Any reasonable gun control would also apply to police officers, as they are also civilians and should not be given the role of occupying army. A worthwhile movement against violence in society would also address violence by police. If you are not concerned about black men being killed by agents of the state for merely holding something that might look like a gun, you are not defending the right to keep and bear arms for everyone. If you are not concerned about police violence, you are not fully committed to reducing gun violence. Philandro Castile was shot seconds after informing a police officer during a traffic stop that he had a weapon he was lawfully permitted to carry. Tamir Rice was shot while holding a pellet gun in a state where open carry of firearms is legal.

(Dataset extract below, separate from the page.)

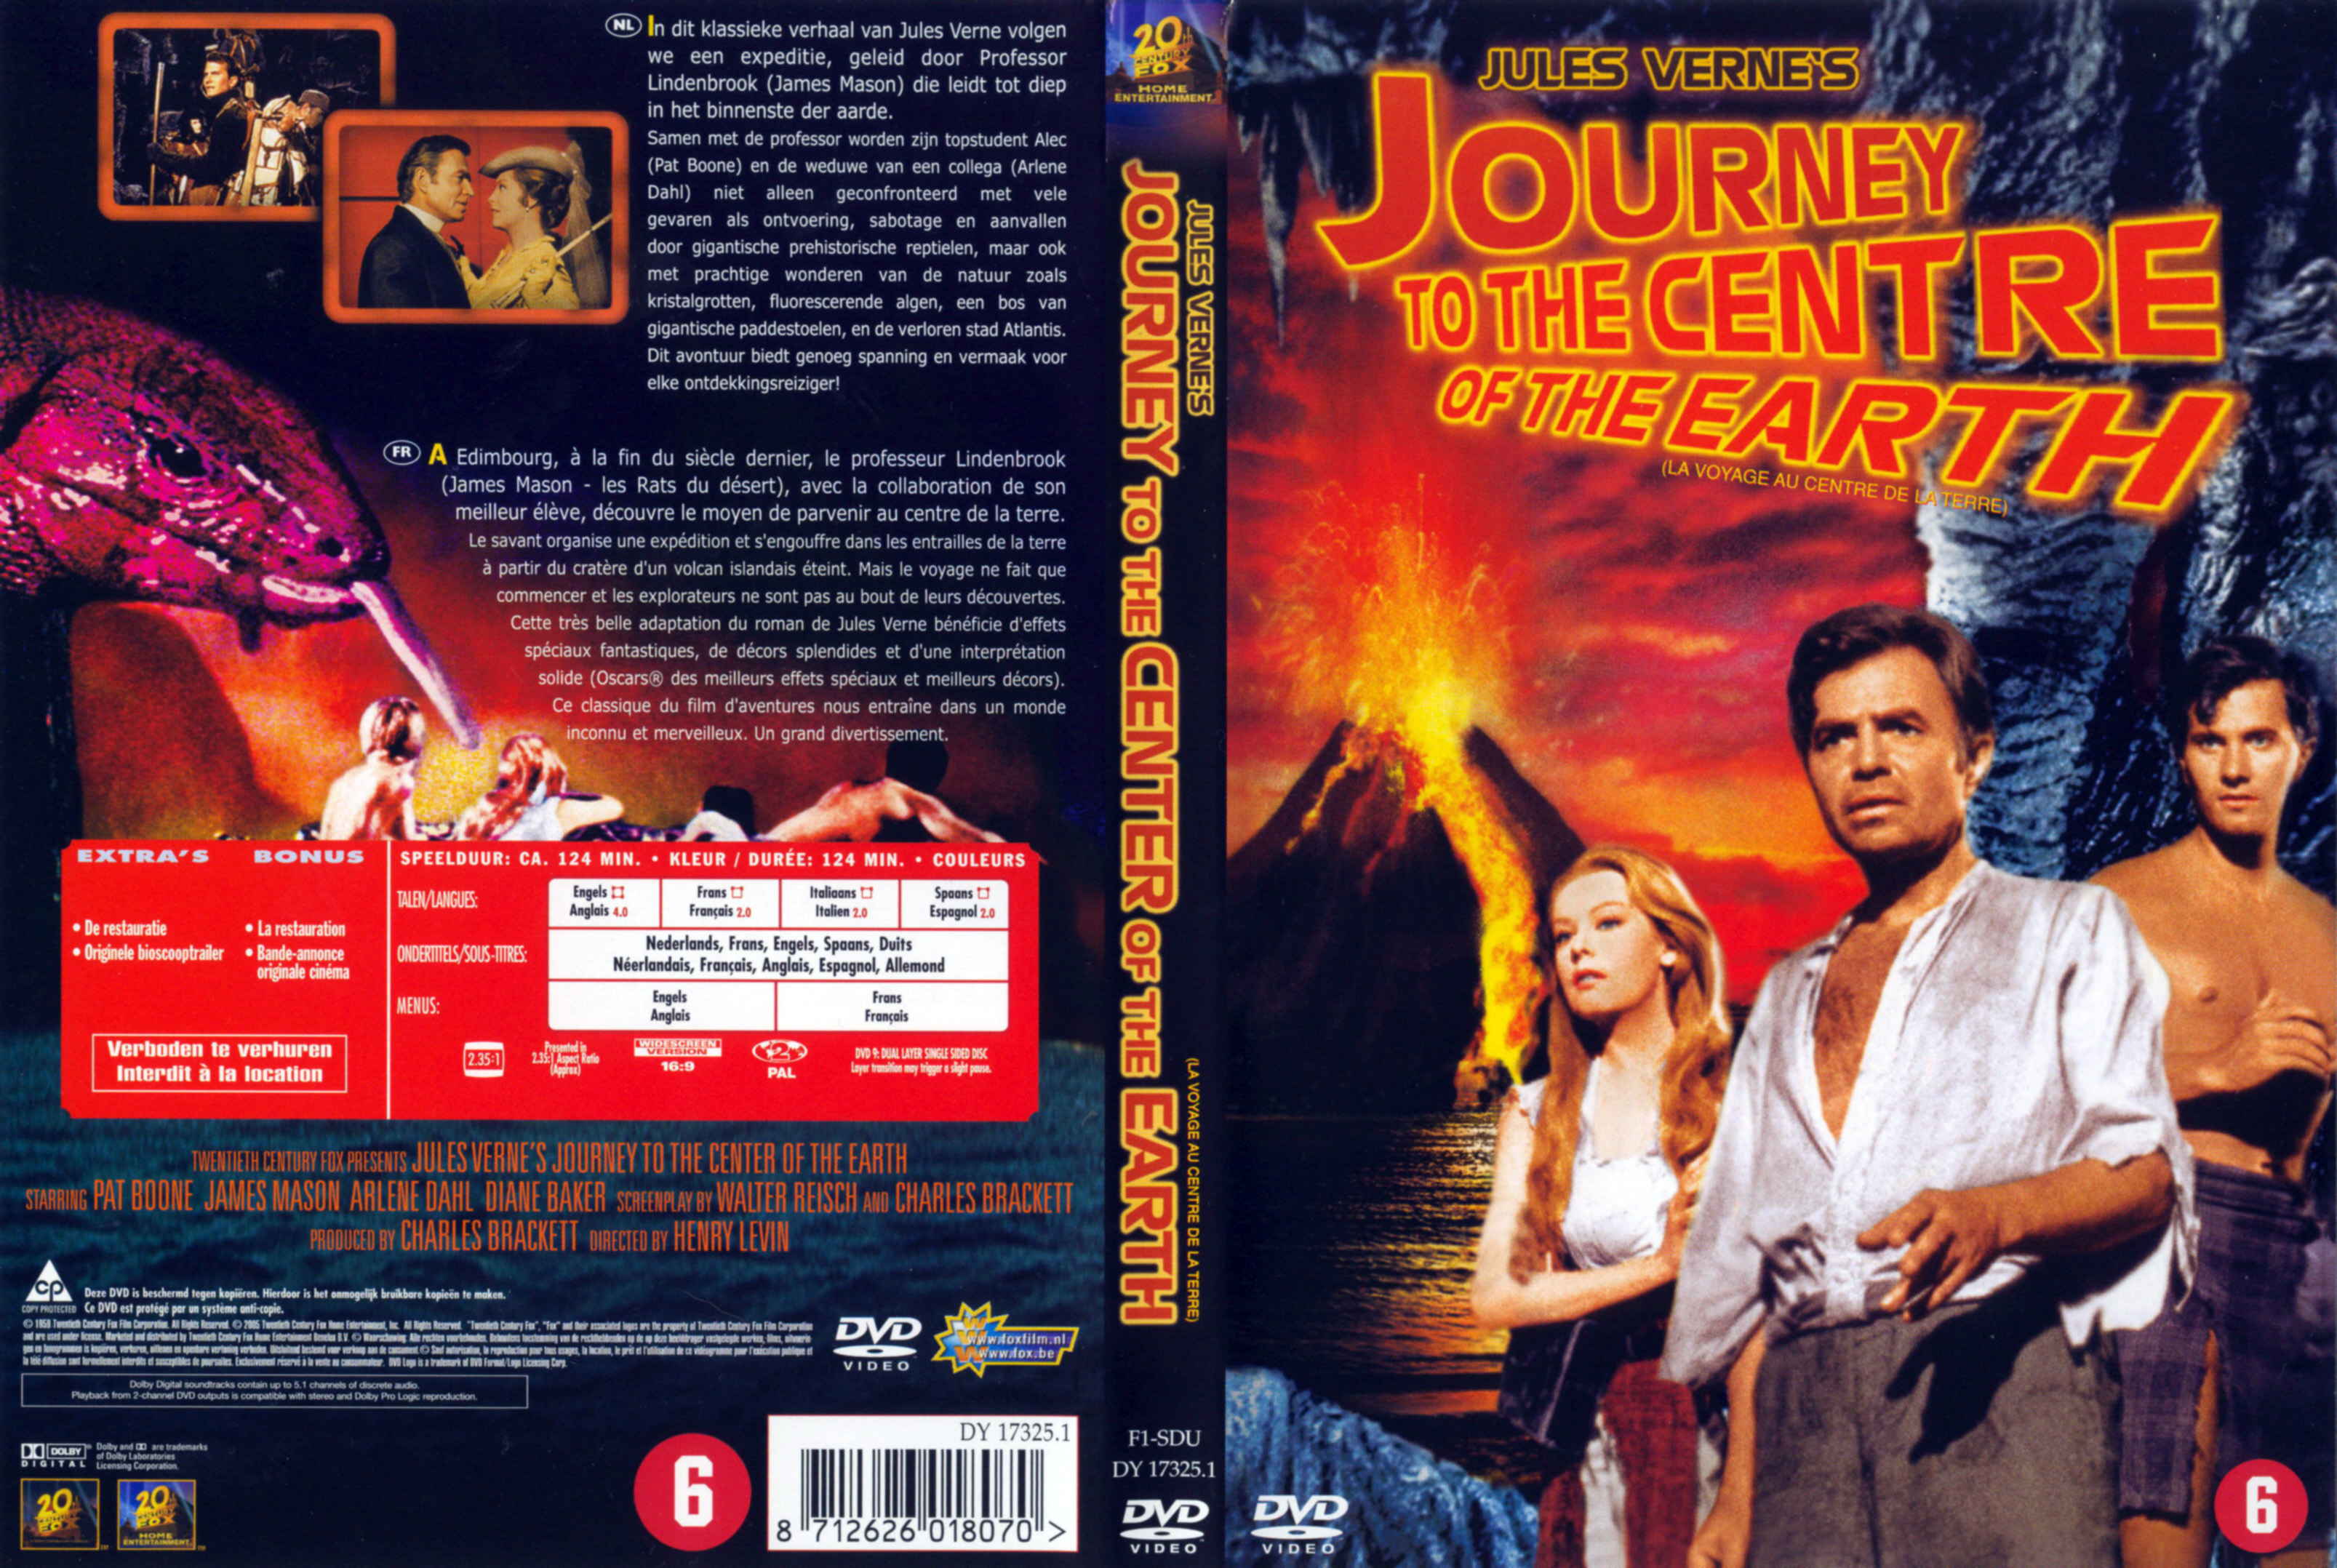 Jaquette DVD Journey to the centre of the earth - Voyage au centre de la terre (1959)
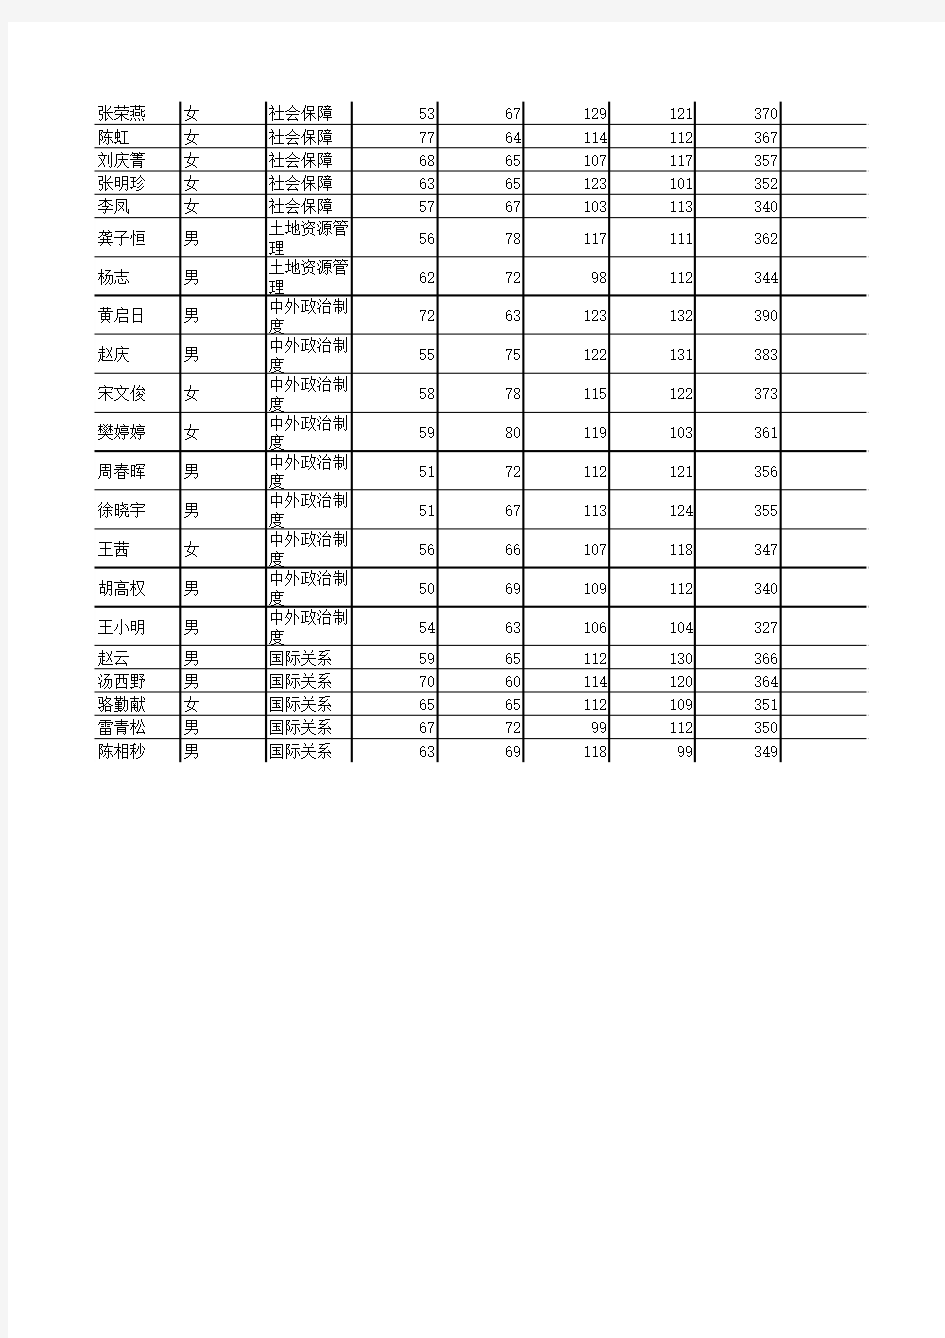 浙江大学行政管理2009年复试名单和成绩

Part of reducing violence in society would involve working for fewer violent encounters between police and the rest of the public. Listen to people in communities affected by police violence. Reduce the role of police in responding to mental health emergencies and minor conflicts. End the drug war that provides limitless opportunities for aggressive policing and mass incarceration. Reduce police militarization and programs that train them to see the public as a dangerous enemy.

It is not unreasonable to support universal background checks or requiring a permit to purchase firearms. However, longstanding injustices and inequality will be perpetuated with new laws if they are not addressed. Discrimination in the justice system leads to discrimination in background checks. Inequality in firearms access is an issue of civil rights and political power. People convicted of non-violent felonies should not face a lifelong loss of a constitutional right. Gun control laws have often targeted ethnic minorities, people of color, and poor people, and gun control enforcement is often used against people in these communities. This is a legacy that any legislation will perpetuate if it is not addressed. Laws against possession create opportunities for intrusive enforcement, a problem that is not as prevalent in laws against new sales. A permit system can easily become arbitrary and discriminatory without oversight.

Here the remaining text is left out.